Down in the muck of data

This was originally written on 11 March 2019.

I've been back in the ULP dataset. I was working in it about three weeks ago and set it aside while I went down to Boston to work on other projects. I had some spare time this weekend, though, and decided to open it back up.

I'd foundered on cleaning up and encoding the counties that I talked about in [this post][0]. Both state and county names were saved using FIPS codes, but the data has plenty of typos. This shouldn't surprise us. All of these records were typed in by a person, and there are more than 440,000 of them. Even a 99.5% accuracy rate would leave more than 2,000 corrupted entries. Thus cleaning, which always takes the same dreary form:

  • Tabulate the recorded values
  • Flag any values that shouldn't appear, given your list of acceptable values
  • Try to resolve what the anomalous value should have been, if possible
  • Set any remaining anomalous values to missing
  • Encode the sanitized list of characters into a factor variable

This is simplest with states, which are only supposed to have around 50 values. You know that 37 is a legitimate value because it's a valid FIPS code for a state (North Carolina, FWIW). By contrast, &7 is an error, because there is no FIPS code with an ampersand. And 3 is ambiguous--it could be 03, 30, or something else entirely. Finally, a number like 81 is outside the range of FIPS values. In all of these cases, I would set the state value of those records to missing. So, I tablute the state variable, find all of the typos, and do that:

stateStrikes <- c('  ', '& ', '&7', '0 ', '00', '0D', '2Y', '3 ', '4 ', '52',
                  '53', '54', '55', '5K', '61', '67', '70', '71', '72', '73',
                  '74', '79', '81', '87', '91', '92', '97', '99')
for (i in stateStrikes) {
    ulp <- ulp %>% mutate(state = na_if(state, i))
}

Ditto for counties. There're a lot more counties, and county is a three-character string, so there's more room for error. But for many types of typo, at least, the process is the same:

countyStrikes <- c('   ', '  3', ' 09', ' 25', ' 27', ' 57', '-04', '-71',
                   '..2', '{35', '{39', '{79', '{EG', '{GE', '}00', '&  ',
                   '&&&', '0  ', '0 7', '0}1', '00 ', '00}', '00+', '000',
                   '01 ', '02}', '03 ', '04 ', '05 ', '05}', '06 ', '06}',
                   '08 ', '09 ', '0B9', '0X1', '1  ', '1 4', '1 5', '1?7',
                   '10-', '13 ', '13}', '15 ', '16 ', '16-', '17 ', '20 ',
                   '23}', '24}', '25}', '3  ', '3 1', '30{', '30}', '36{',
                   '37 ', '41 ', '7  ', '70}', '75}', '9  ', '90 ', '93}',
                   '96}', 'A13', 'A27', 'A45', 'C60', 'G50', 'J30', 'K40',
                   'K50', 'L40', 'Y11')
for (i in countyStrikes) {
    ulp <- ulp %>% mutate(county =
                              replace(county, county==i, NA))
}

It's more complicated for counties because the list of invalid county FIPS codes varies by state. Thus 007 is invalid in Delaware (which only has three counties) but fine in New Jersey. Most county FIPS codes are odd, but when you add a county after the fact (I'm looking at you, La Paz County, Arizona!) or have an independent city (Baltimore, St. Louis, too much of Virginia), they follow different schemes. There's no real way around this other than to tabulate the values by state, go through each state, and flag unacceptable ones. This is what a laptop and a lot of documentaries that you can listen to more than watch are for...

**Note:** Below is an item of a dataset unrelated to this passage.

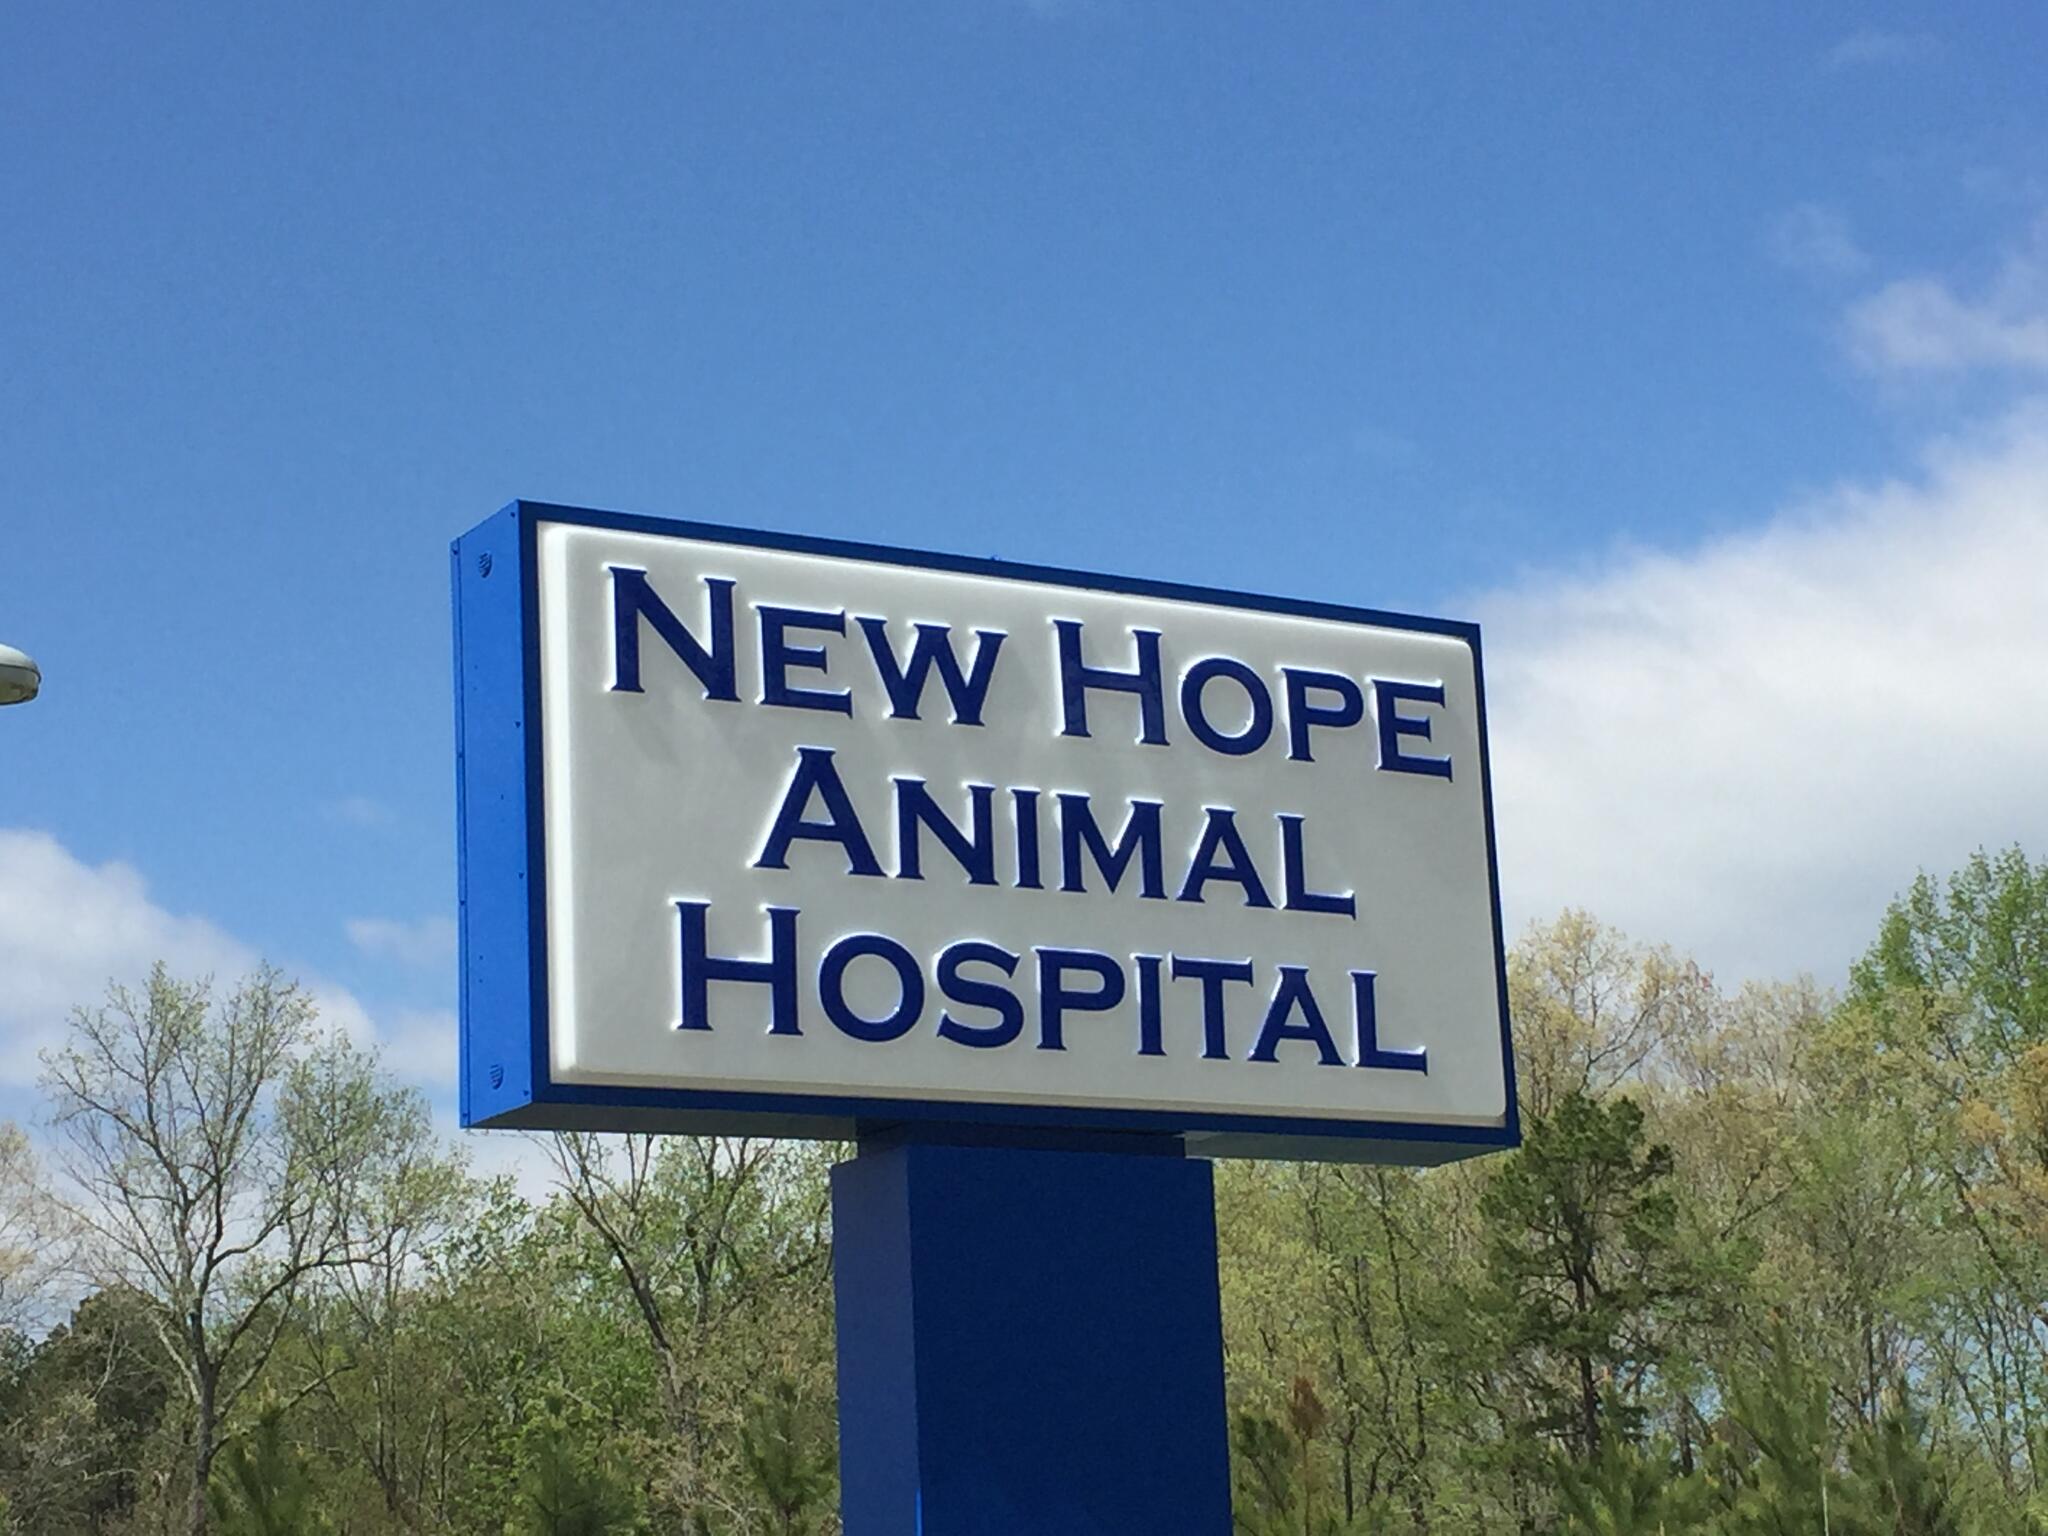 New Hope Animal Hospital - Durham, NC - Nextdoor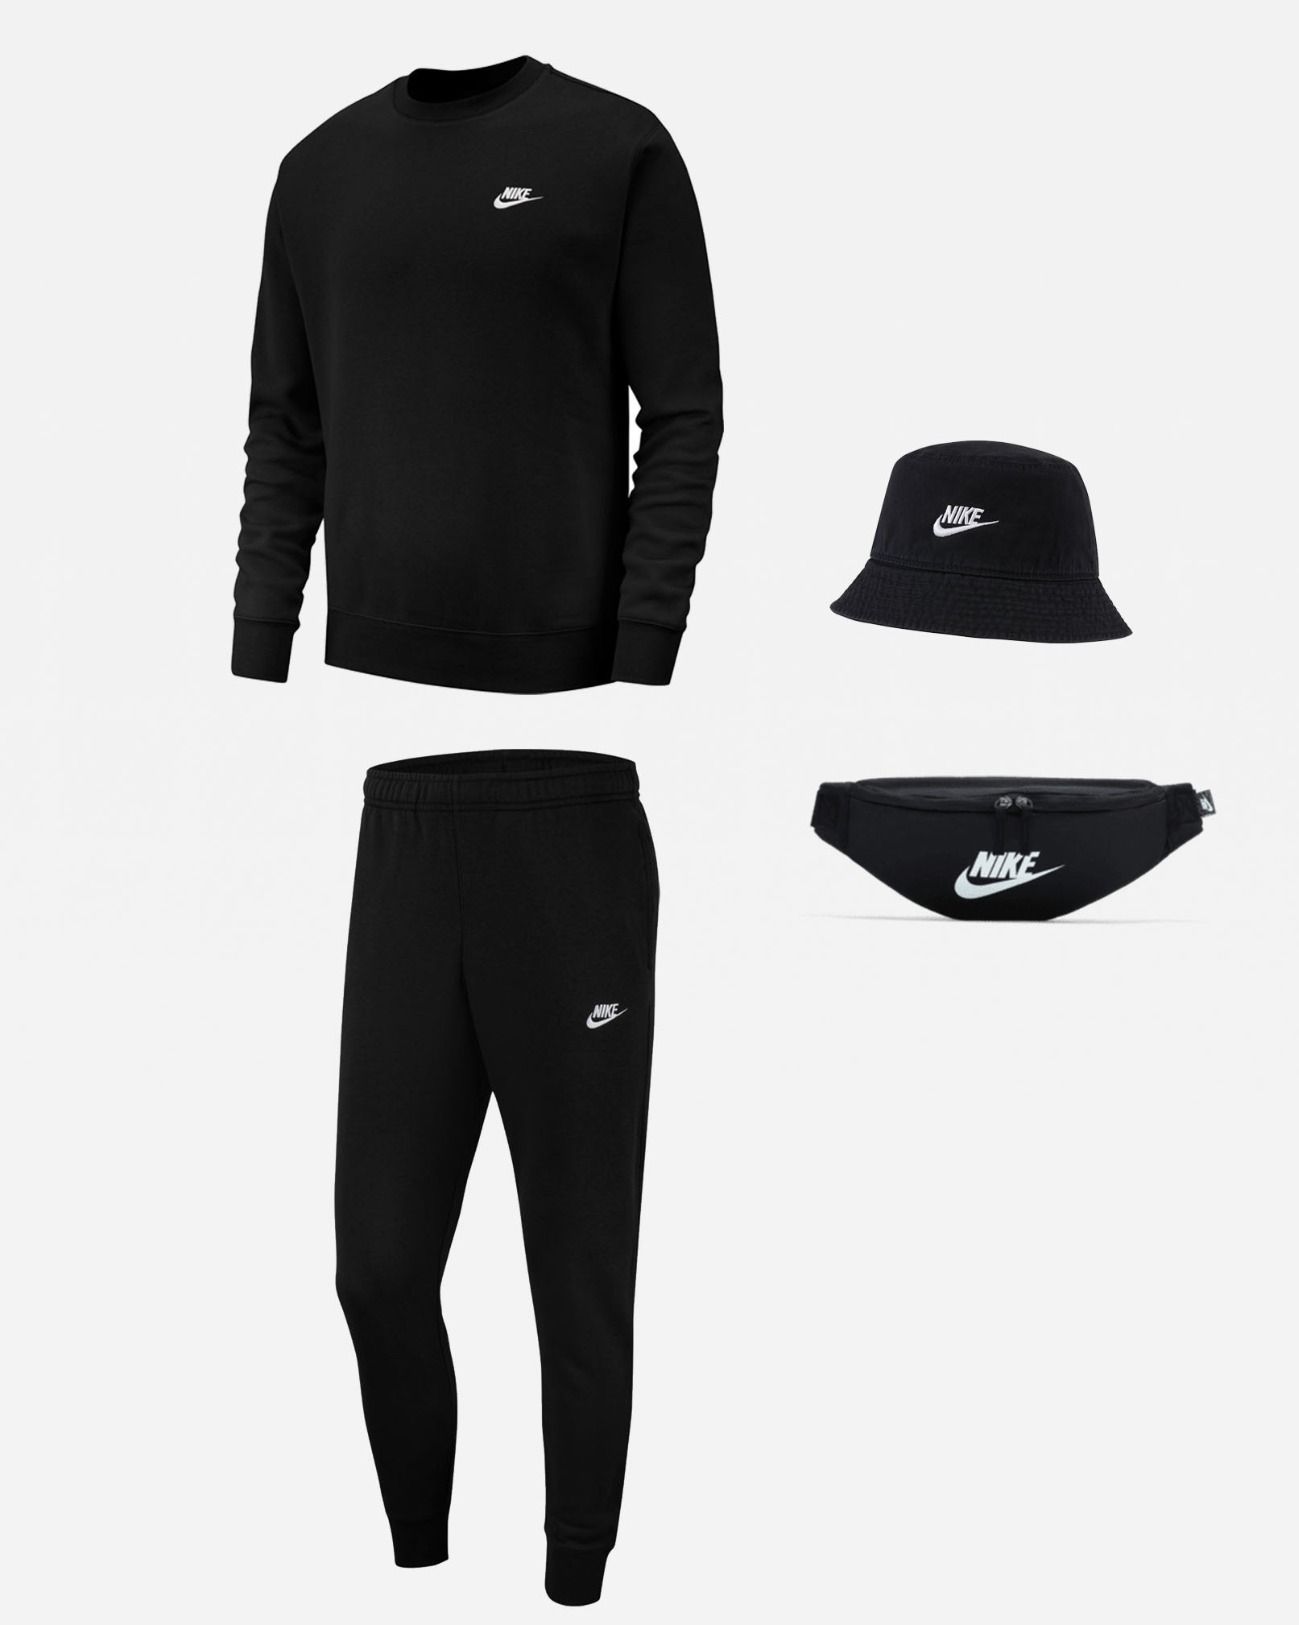 Pack Nike Sportswear pour Homme. Sweat-shirt + Bas de jogging + Bonnet +  Banane

Eventually I created a named list of lists, then used a nested loop to visit each state and set its individual list of invalid values to missing. The savvy among you will recognize this as a dictionary bodged into R:

countyNAs <- list(c('008', '066', '143', '145', '151', '155', '201', '295',
                 '300', '352', '510', '521', '745', '889'),
               c('006', '010', '020', '026', '030', '040', '046', '050',
                 '060', '063', '070', '077', '090', '110', '111', '113',
                 .
                 .
                 .
               c('040', '049', '079', '095', '141'))                 
names(countyNAs) <- c("Alabama", "Alaska", "Arizona", "Arkansas",
                      .
                      .
                      .
                      "West Virginia", "Wisconsin", "Wyoming")
for (i in names(countyNAs)) {
    for (j in countyNAs[[i]]) {
        ulp <- ulp %>% mutate(county = replace(county,
                                               state==i & county==j, NA))
    }
}

So far, so good.

The limits of cleaning

Let's note right here how often judgment enters into this process. We don't talk about it enough. Most datasets have problems--typos, missing data, machine or language-encoding hiccups, shifts in coding schemes. The analyst has to make decisions about how to deal with these, and historically those decisions were almost never documented. To this day, no one wants to write up every single design choice they made. That is why it's important to share your data and code; but also that's why it's important to make lists like these, however tedious they seem. If I were to go through my data in Excel or the like, changing errors as I saw them, there would be no record of what I'd done, short of analyzing two datasets side by side. Even then, different rules could produce similar results in some cases. Don't just clean your data; whenever possible, clean your data with code.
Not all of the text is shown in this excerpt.